White Room: psychedelic chaos and discombobulation
The suitably hazy and neon basement of Patterns in Brighton plays host to an evening of rising psychedelic bands from the nearby vicinity and an audience that leans heavily towards the teenage demographic. Like stumbling accidentally into some unknown after school disco fuelled by Cherryade and stratospheric hormones. The tone of the evening set and fixed at confusion, never seems really to shift from there.
The first band of the evening are Method Actress
, a foursome from Brighton, whose dreamy music washes softly and whimsically from one end to another beginning without pause.
Following them, is Underwater Boys
, a dream pop duo of two brothers from the South East, Tom and Nicholas Klar backed with an able band. Their look - all 90s Hacienda and bowl cuts, juxtaposes their often mixed bag sound. Like a cross between Pearl Jam, Jesus and Mary Chain, Mamas and Papa's with shades of Zeppelin and the Mondays thrown in. Their musical dexterity, clear song arcs, and togetherness surprises and ignites the crowd into a moshing frenzy, leaving them wanting more as their short set draws to a close.
The headliners of the evening White Room have clearly been making themselves known with the increase in crowd size heralding their set. Plus celebrity endorsements such as Paul Weller, Myles Kane and Sara Cox, make the anticipation palpable.
, a five-piece made up of a seeming collection of university stoners fronted by a deranged and hyperactive Domhnall Gleeson-lookalike, are tight, self-assured, and appear to relish the captivated audience.

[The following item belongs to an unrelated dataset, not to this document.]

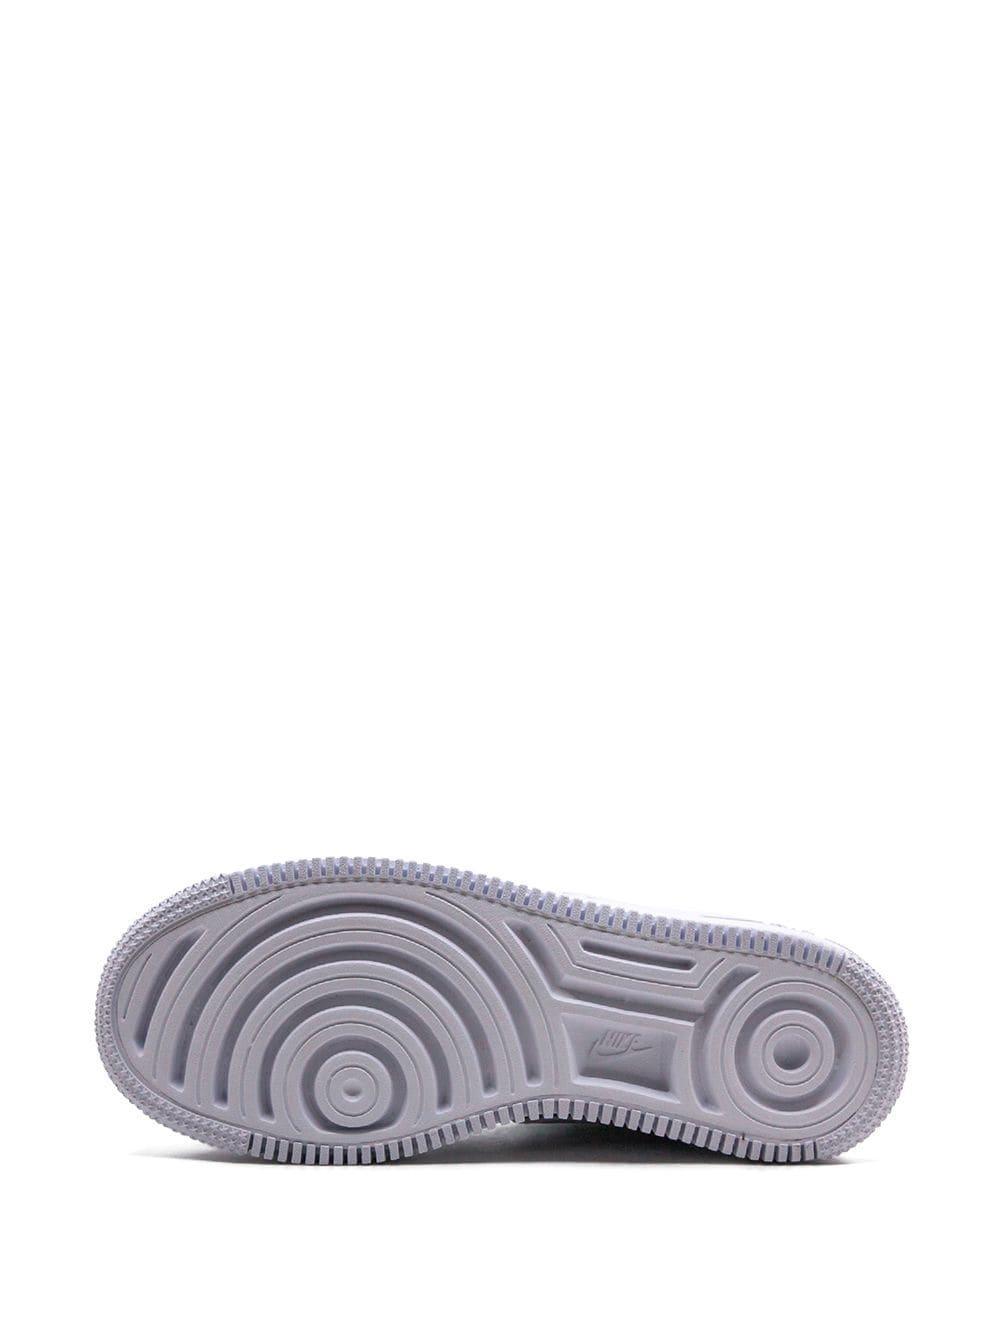 Zapatillas AF1 Upstep Hi LX Nike de Tejido sintético de color Blanco

Quickly it becomes apparent that their impressive recorded material differs greatly from the live sound we're witnessing. Largely due to the poor sound in the venue. Despite this, their set is peppered with songs that are well crafted and vocals that soar, on occasion.
Songs like 'Stole The IV'
offer catchy hooks and spells of Roxy Music combined, with Pink Floyd and the Kaiser Chiefs. That strange concoction, like an accidental recipe is unique and often refreshing, and will appeal hugely to some but could leave others confused.

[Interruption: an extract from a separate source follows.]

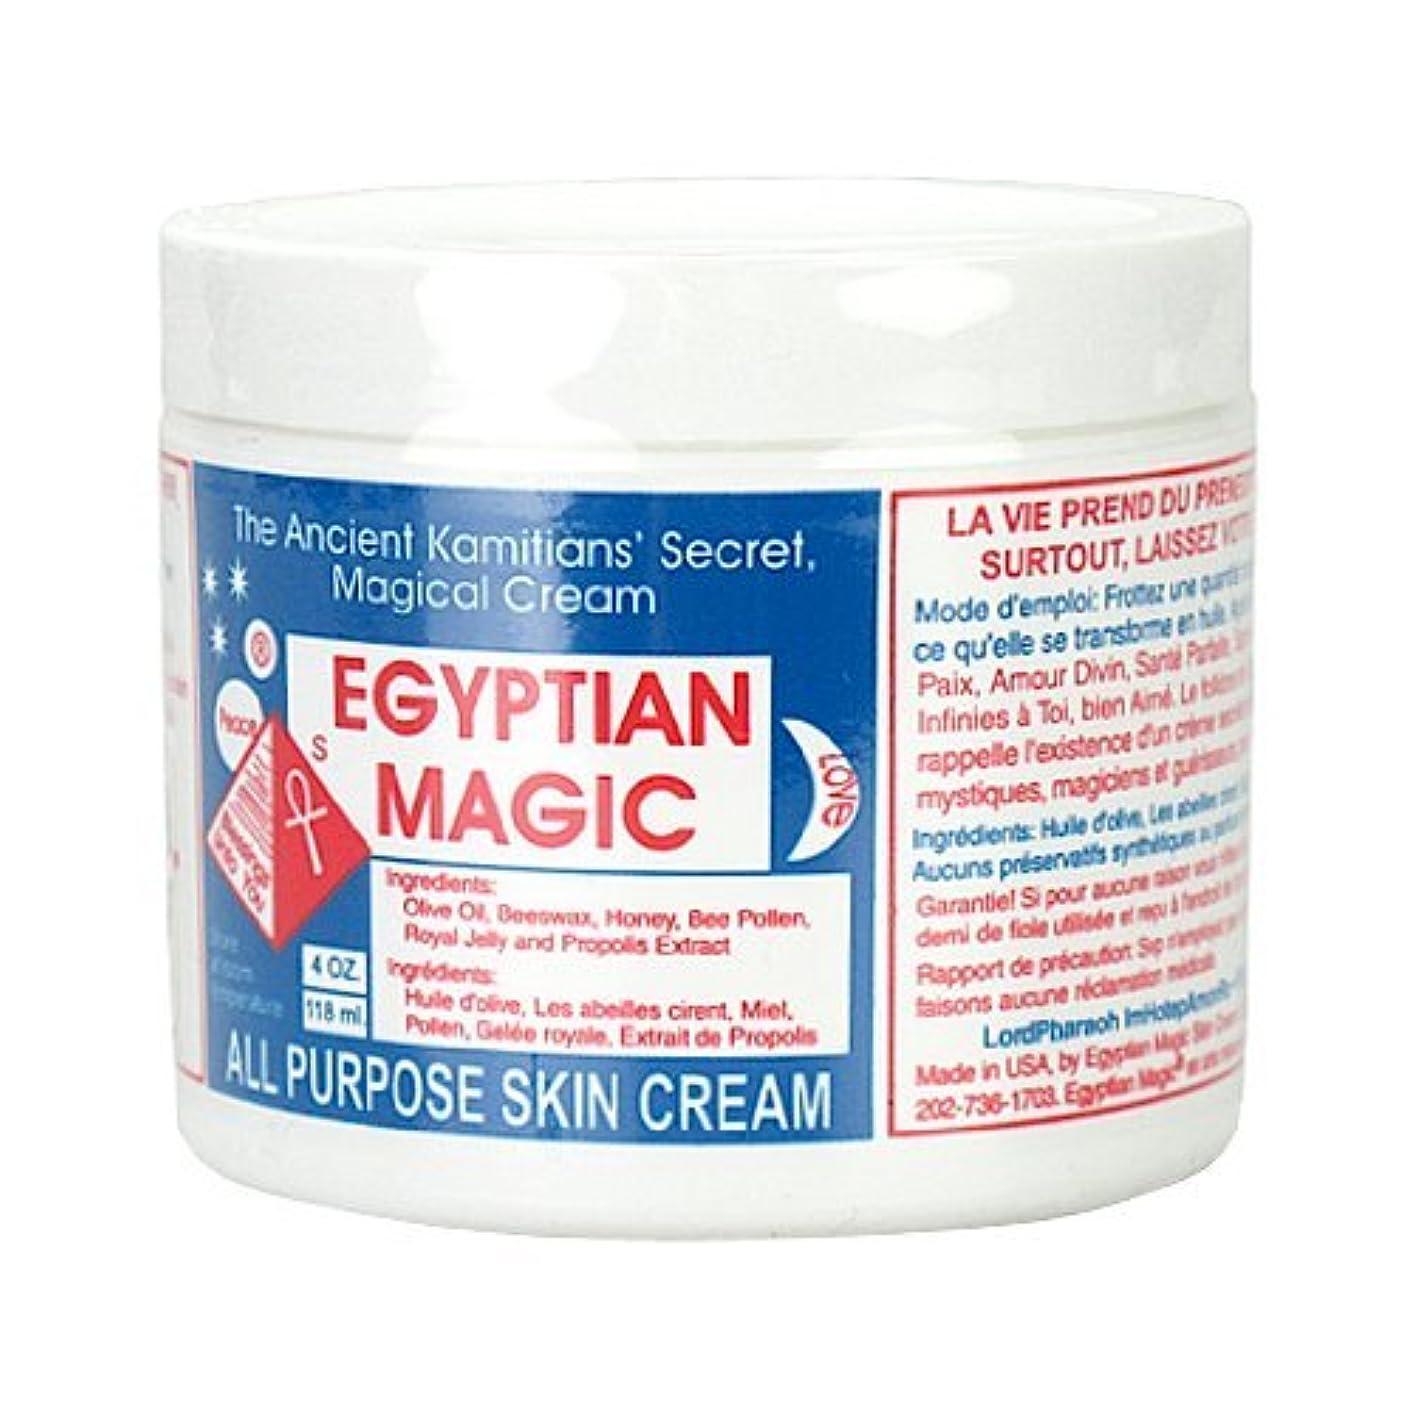 足首商品荒野エジプシャンマジック EGYPTIAN MAGIC エジプシャン マジック クリーム 118ml 保湿クリーム

Jake Smallwood is confident as a front man and certainly knows how to best engage with his audience. On occasion however, the band drifts away into swirly jams, or explorations of Rocky Horror Show indie homage. As strange indeed as it sounds. It's not long though before they're back to delivering their unique form of passioned indie anthems with unabridged ambition.
White Room are definitely a talented band with some good songs, a superstar frontman and a noticeable following. Overall though, the live show can, at times be confusing and leave you feeling like you've missed something. The point, maybe.